Details
-
Bug
-
Status: Open
-
Major
-
Resolution: Unresolved
-
None
-
None
-
None
Description
HIVE-4262 changed the partitioning behavior of the last_value function. For a specified last_value() OVER X. The ordering spec within X is used in addition to the partition spec for partitioning. i.e. last_value(a) OVER (PARTITION BY i ORDER BY j) operates last_value(a) on all rows within the unique combination of (i,j). The behavior I'd expect is for PARTITION BY i to define the partitioning, and ORDER BY to define the ordering within the PARTITION. i.e. last_value(a) OVER (PARTITION BY i ORDER BY j) should operate last_value(a) on all rows within the unique values of , ordered by j within the partition.
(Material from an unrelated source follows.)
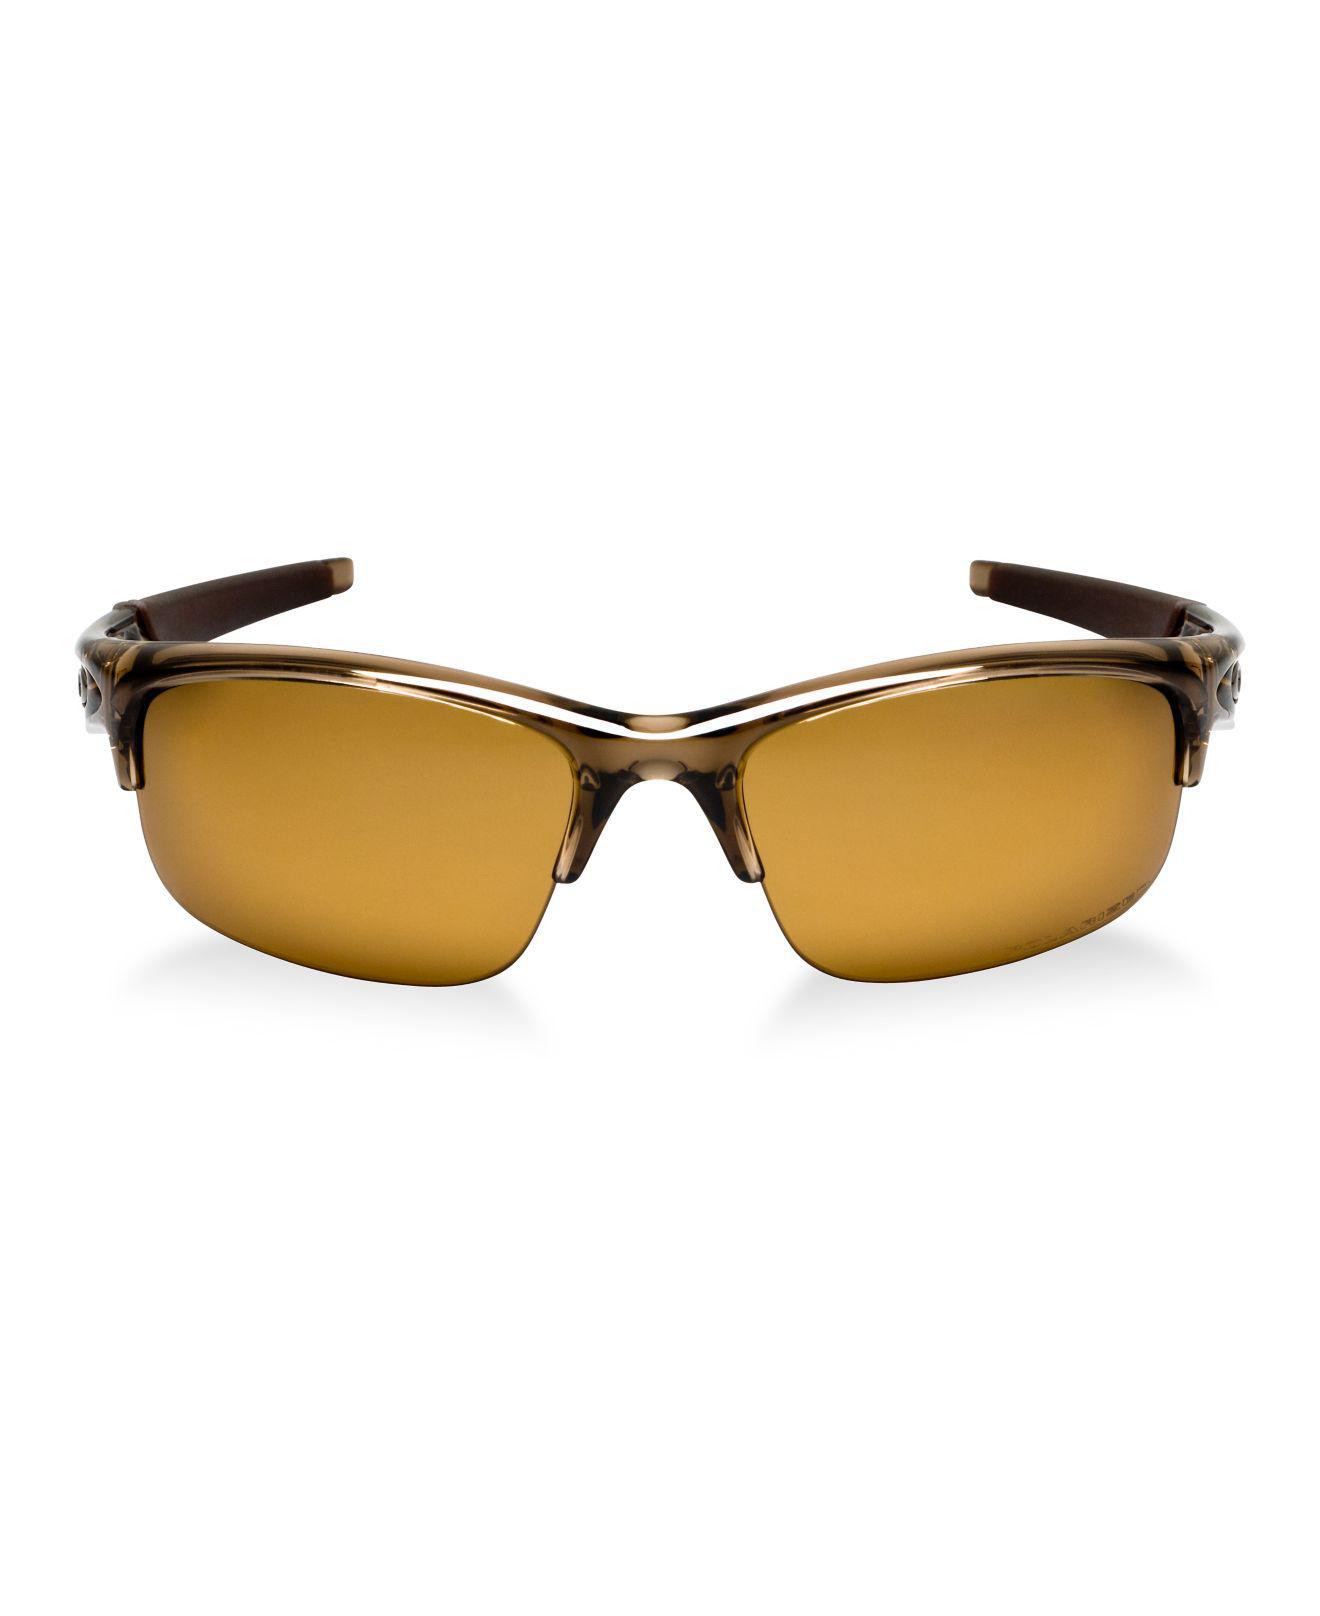 ef22a88382 Lyst - Oakley Sunglasses

This was changed to be consistent with how SQLServer handled such queries. SQLServer Docs describe their example (which performs as Hive does):
The PARTITION BY clause partitions the employees by department and the LAST_VALUE function is applied to each partition independently. The ORDER BY clause specified in the OVER clause determines the logical order in which the LAST_VALUE function is applied to the rows in each partition.
To me, their behavior is inconsistent with their description. I've filled an upstream bug with Microsoft for the same.
Oracle and Redshift both exhibit the behavior I'd expect.
Considering Hive-4262 has been in core for 2+ years, I don't think we can change the behavior without potentially impacting clients. But I would like a way to enable the expected behavior at the least (behind a config flag maybe?). What do you think?